To achieve this with what's in the language currently, since assembling the desired output requires combining fields from separate record values in the input data stream, it seems inevitable it has to kick off with an aggregation to get the multiple values into a single complex value. Then the complex value can be manipulated to move the embedded record.

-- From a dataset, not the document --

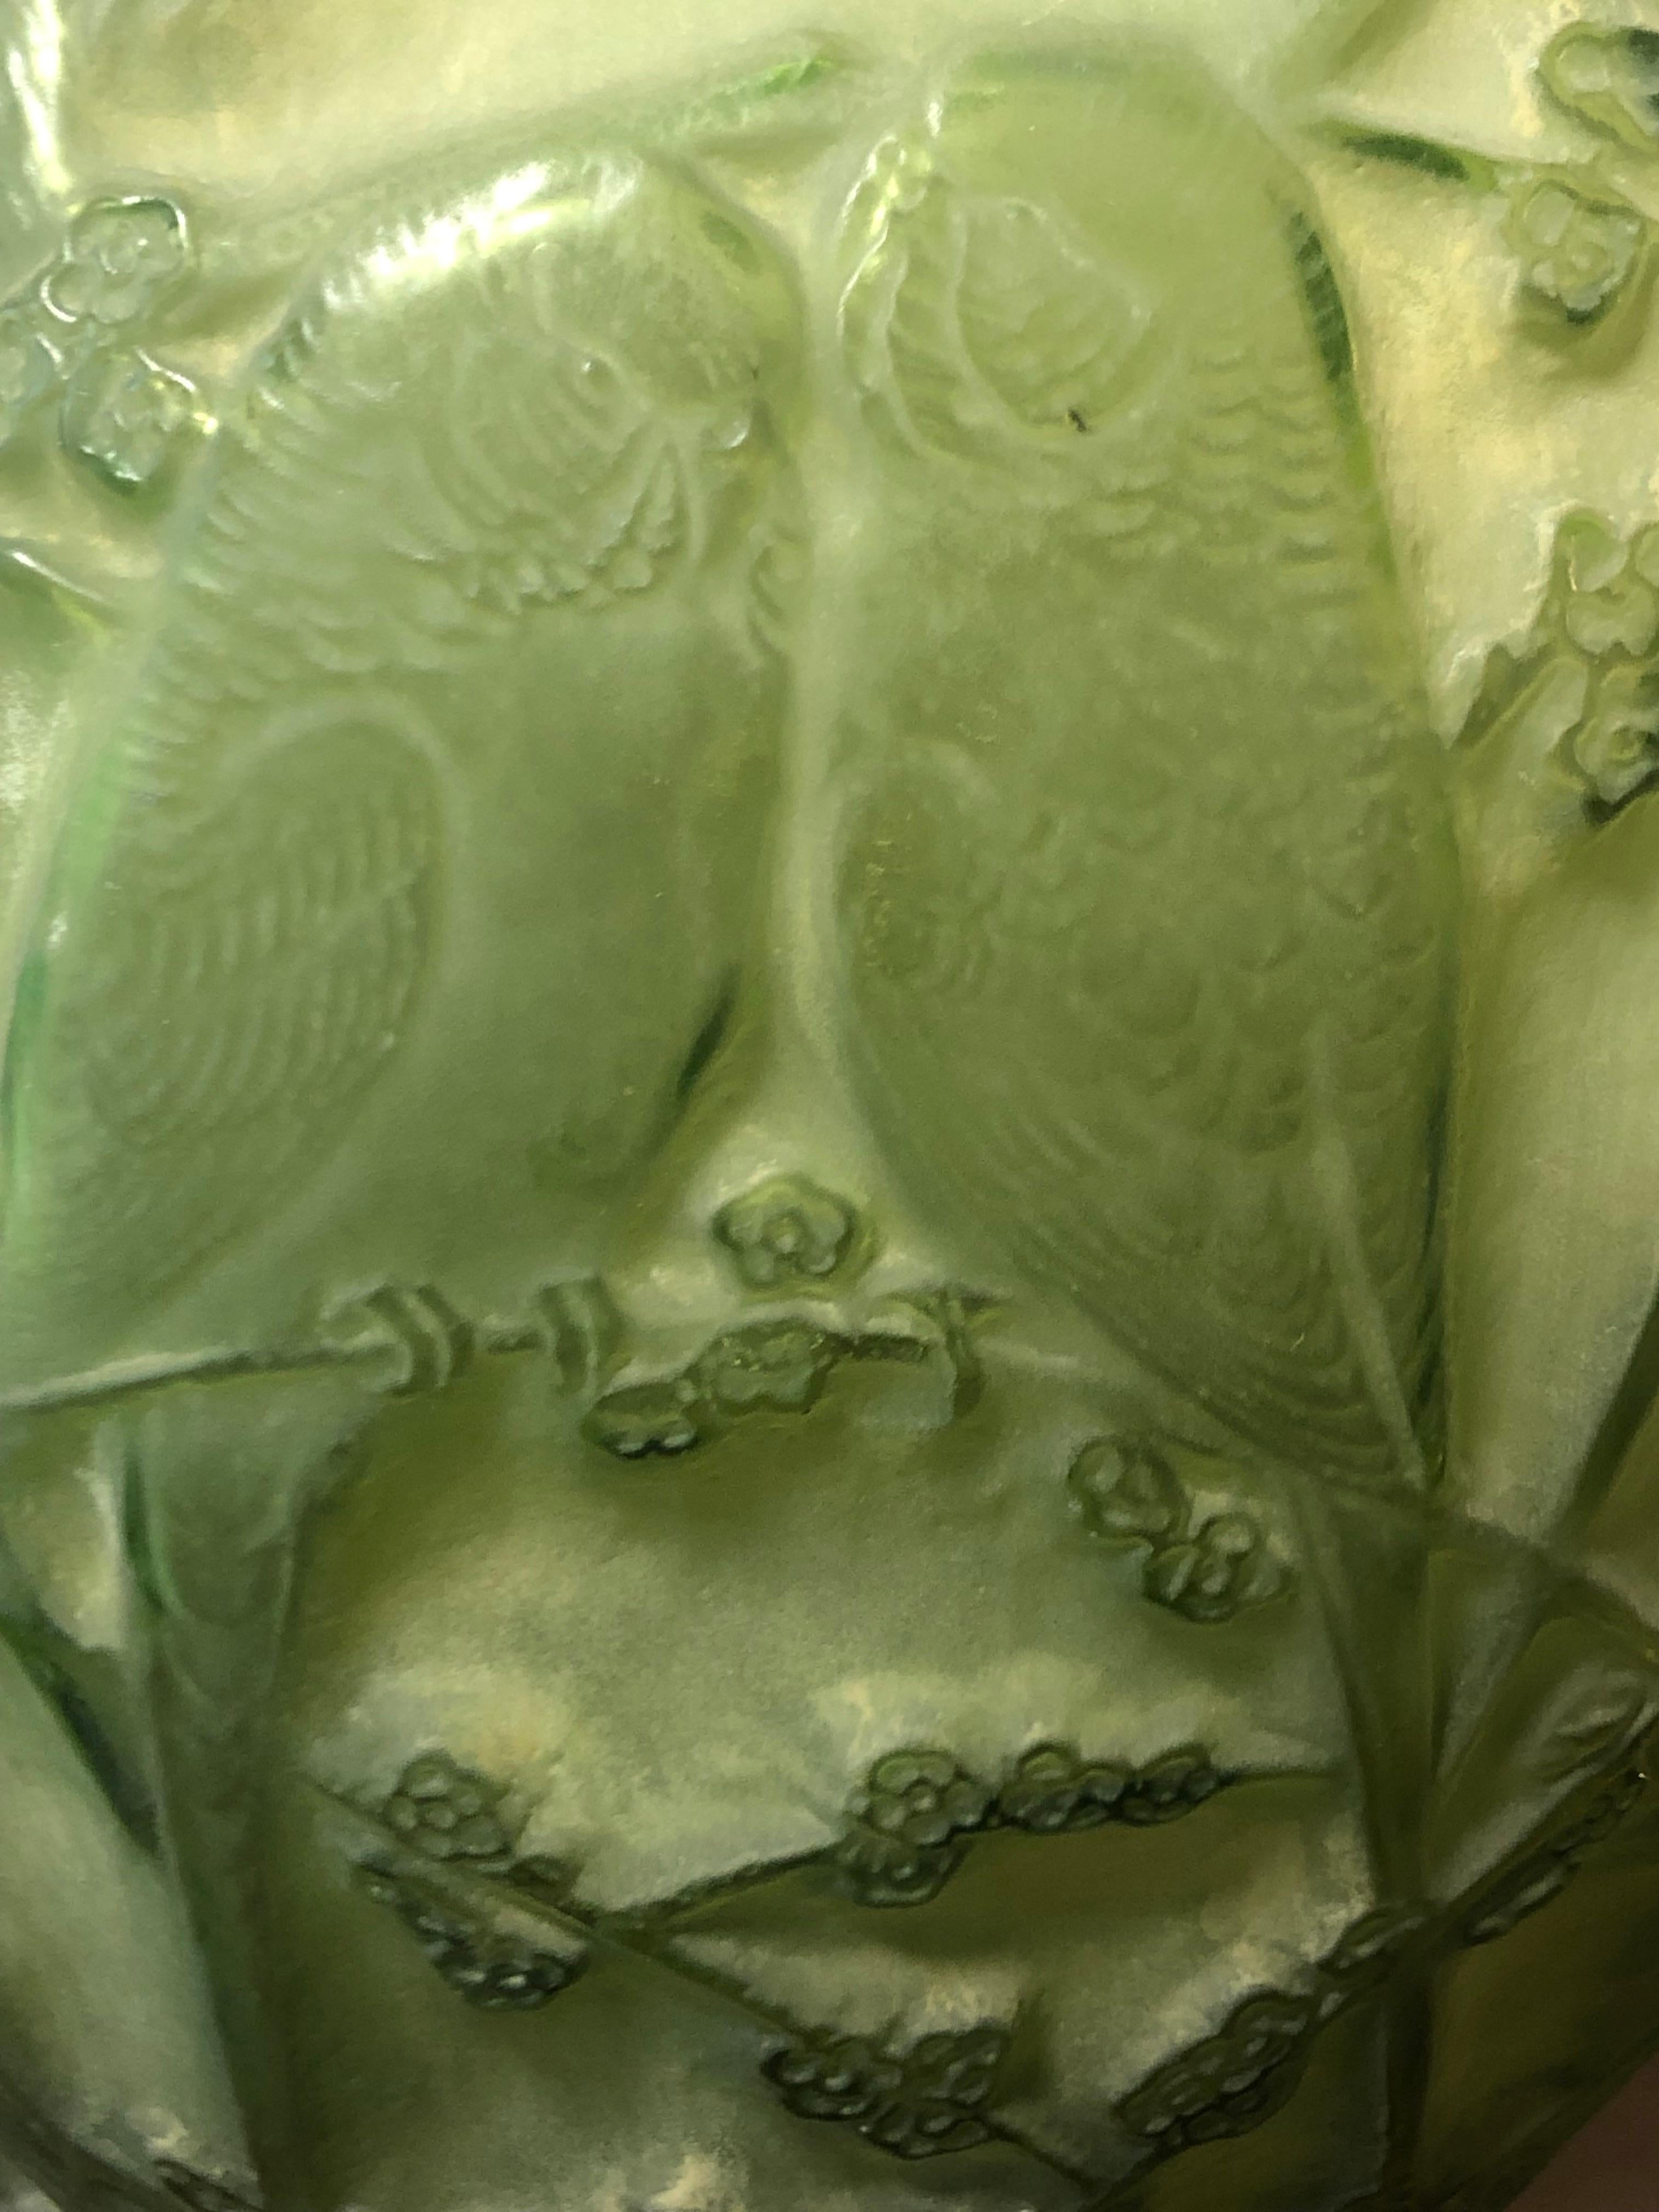 French 1919 Rene Lalique Perruches Vase Staines Lime Green Glass, Parrots

On their own, the user came up with this approach that uses array indexing.

$ zq -version
Version: v1.18.0-29-g4f551f2b

$ echo "{id:1,data:{b:2}} {c:3}" |   zq -z 'collect(this) | {o1:this[0],o2:this[1]} | o1.data:=o2 | yield o1' -
{id:1,data:{c:3}}

This has the advantage of not having to know anything about the second input value, i.e., it works just as fine even if it's not a record.

$ echo "{id:1,data:{b:2}} [1,2,3]" |   zq -z 'collect(this) | {o1:this[0],o2:this[1]} | o1.data:=o2 | yield o1' -
{id:1,data:[1,2,3]}

As a possible alternative that may fit the user's original stated goal of moving a record, I proposed using the idiom below that turns the whole of the input into a single record, which then allows for the move via a single call to cut, though this requires knowing the field name of the record being moved.

$ echo "{id:1,data:{b:2}} {c:3}" | zq -z 'over this | collect(this) | unflatten(this) | cut id,data:={c}' -
{id:1,data:{c:3}}

In conclusion, however, we recognize the language would require some enhancement to achieve this more directly, similar to what was shown above with SQL's LAG / LEAD.